La violencia sólo engendra violencia, según el viejo dicho español. En nuestra sociedad vivimos al borde de la barbarie violenta, menos mal que no tanto como en Venezuela, con el lamentable golpe de estado de esta semana, que a todo hay quien gane y en esto no vamos a ponernos a competir, digo yo. Por cierto, que me descubrí ayer asintiendo a lo que decía por la radio Alberto Ruiz-Gallardón, con el que no simpatizo especialmente, uno de los defensores del preso político venezolano Leopoldo López, cuando reclamaba una respuesta contundente de nuestro país. No podemos estarnos callados ante esta injusta situación, porque nadie está en posesión de la verdad como para pretender arrogarse la representación de todo un pueblo.

La violencia se ha ido apoderando de nosotros.
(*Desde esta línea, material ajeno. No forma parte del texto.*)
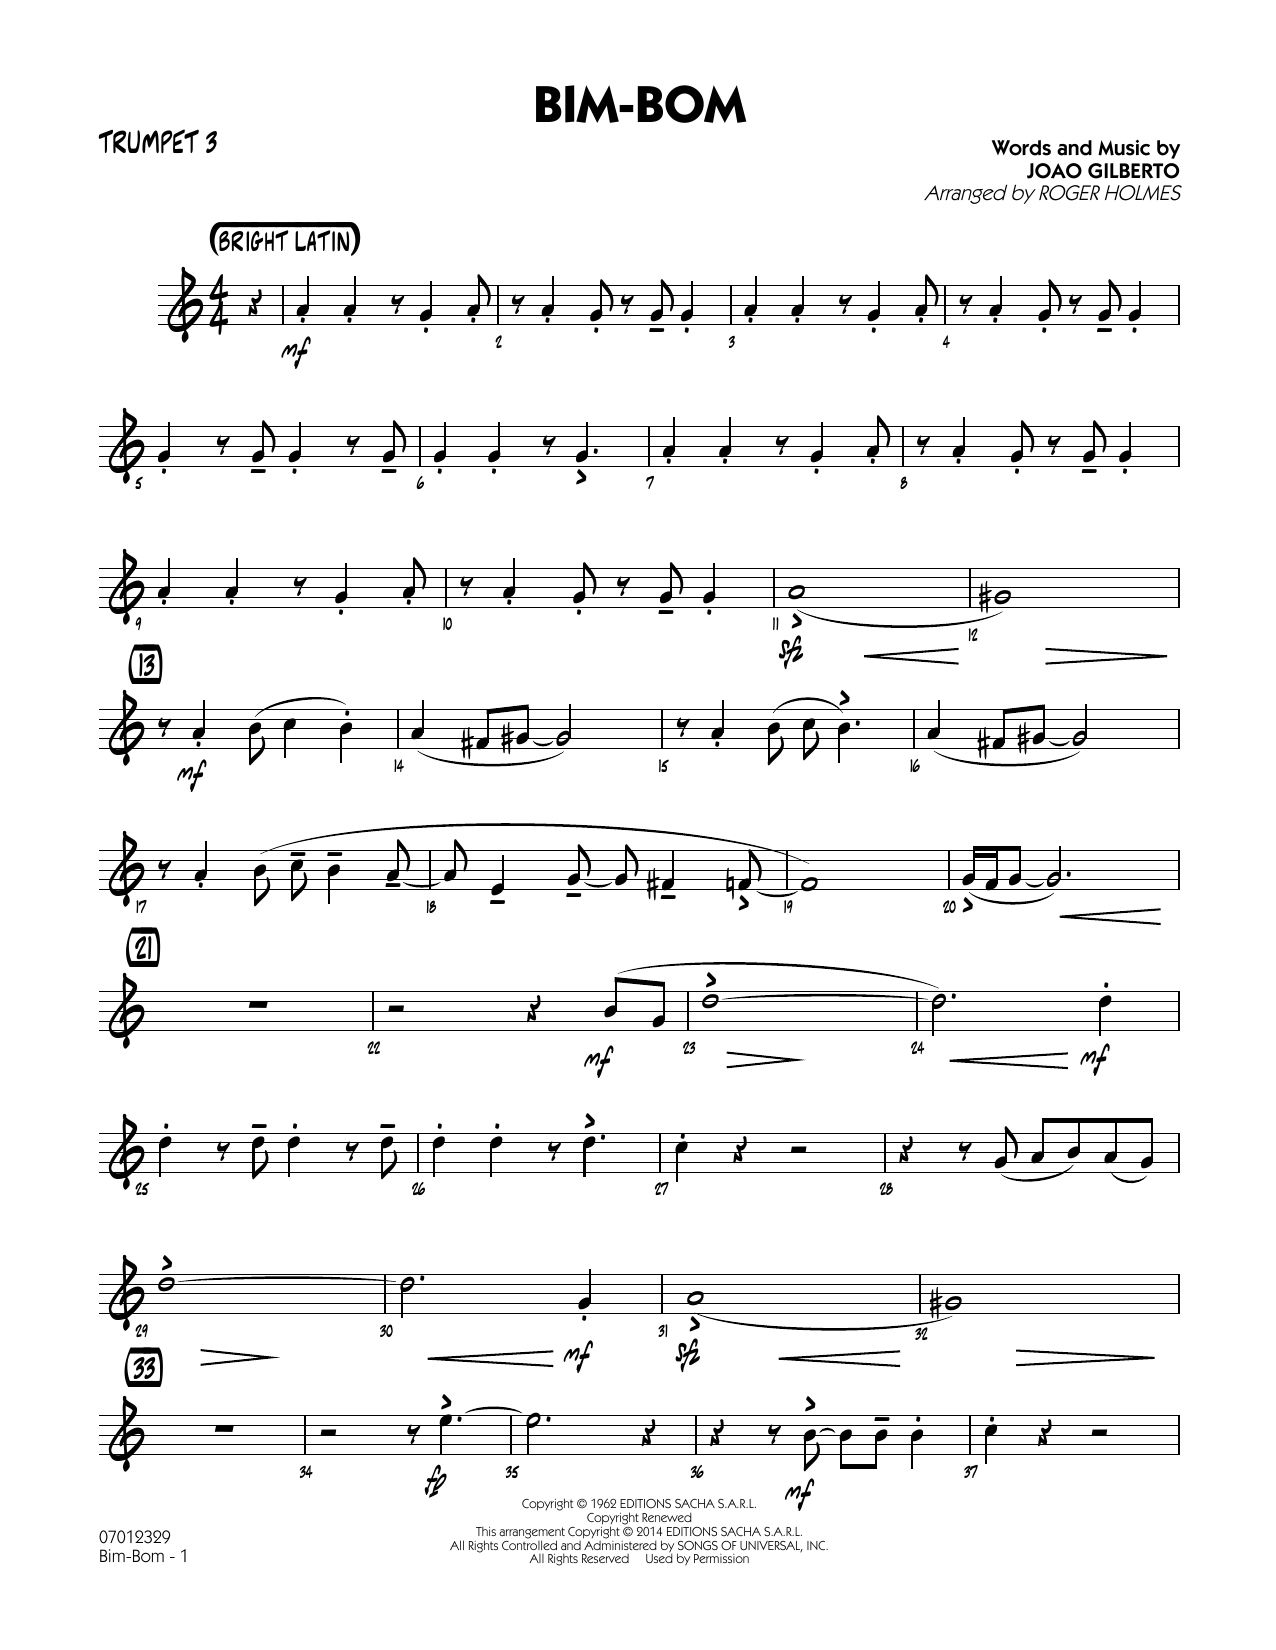 Roger Holmes Bim-Bom - Trumpet 3 sheet music notes and chords. Download Printable PDF.
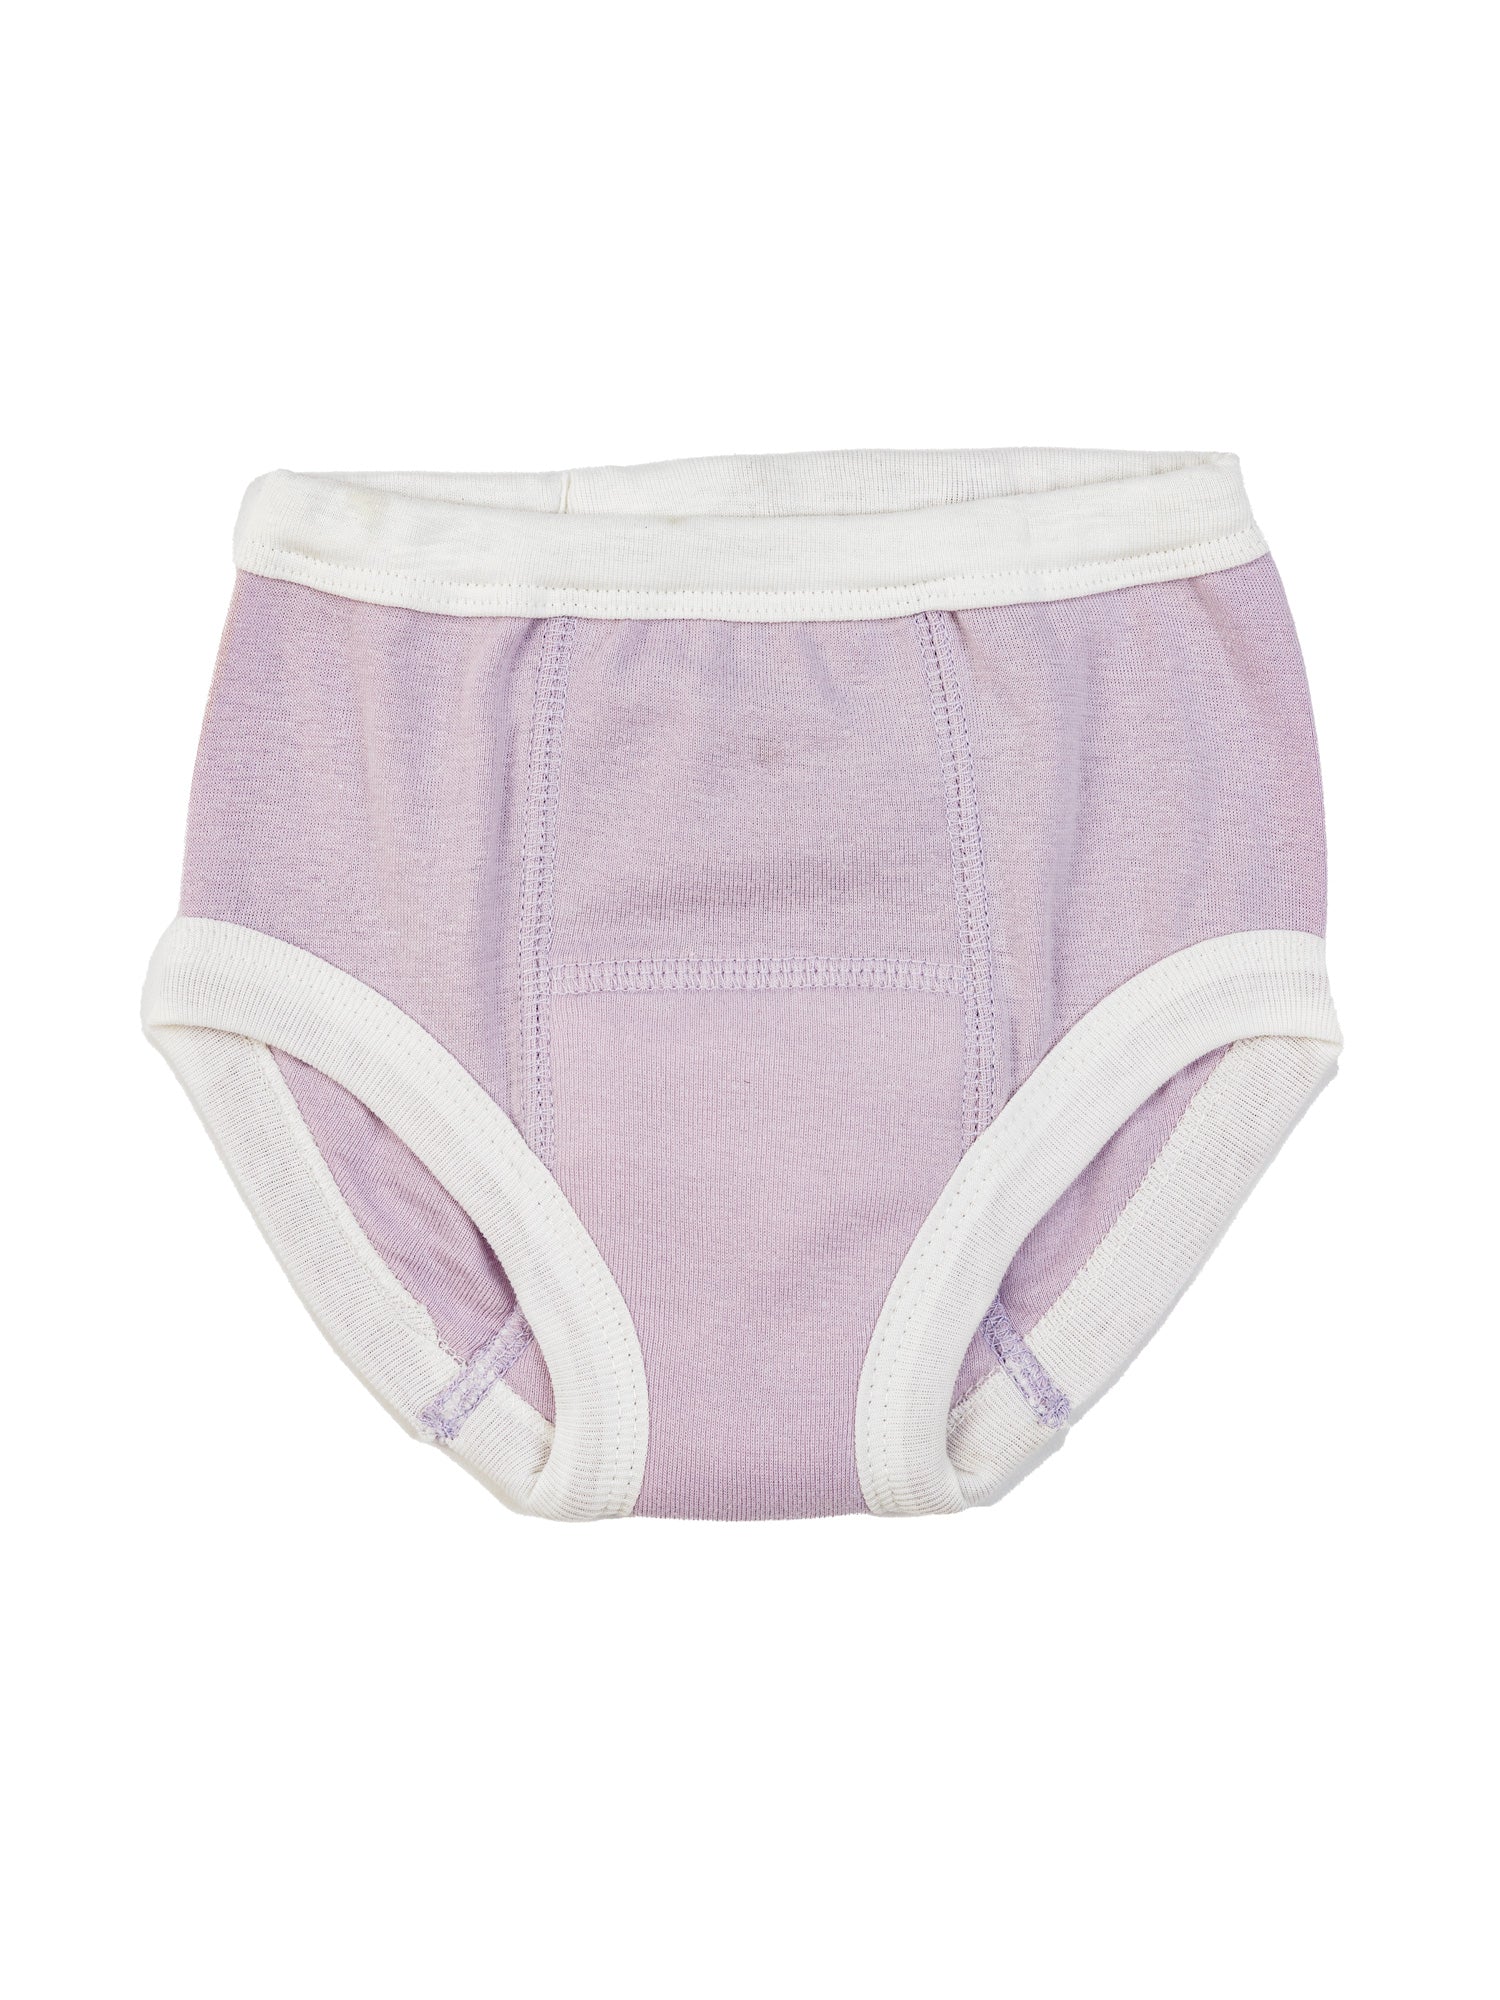 Girls' Potty Training Pants, 4T-5T, 17 units – Pull-Ups : Training pants

Las prisas, el estilo de vida que llevamos, las dudas acerca del futuro, los malos ejemplos y la crisis han ido imponiendo gradualmente una forma de relacionarnos dura, áspera y en muchos casos abiertamente violenta. La cordialidad parece que haya pasado a mejor vida, y muchas personas se olvidan hasta de sonreír, de tener gestos educados, de respetar a los demás. Pablo Iglesias, diciendo que se la suda en el Congreso, dio un ejemplo bochornoso y maleducado, de los que fomenta la violencia en las relaciones personales. Pero no sólo Iglesias da vergüenza cuando hace estas cosas, hay más gente por ahí que también. Hace unos días asistí a un partido de baloncesto de mi hijo mayor y me quedé alucinada al ver la irritación, los insultos y malos modos de los padres del equipo contrario, a los que por suerte el entrenador y los padres de nuestro equipo respondieron con templanza y sin entrar al trapo. De no haber sido así, podríamos haber llegado incluso a las manos. Y me pregunto por qué son así las cosas, por qué estamos tan alterados como para insultar a chavales de quince años que solo quieren hacer deporte. Es bueno que nos demos cuenta de que andamos un poco desquiciados para recuperar el equilibrio.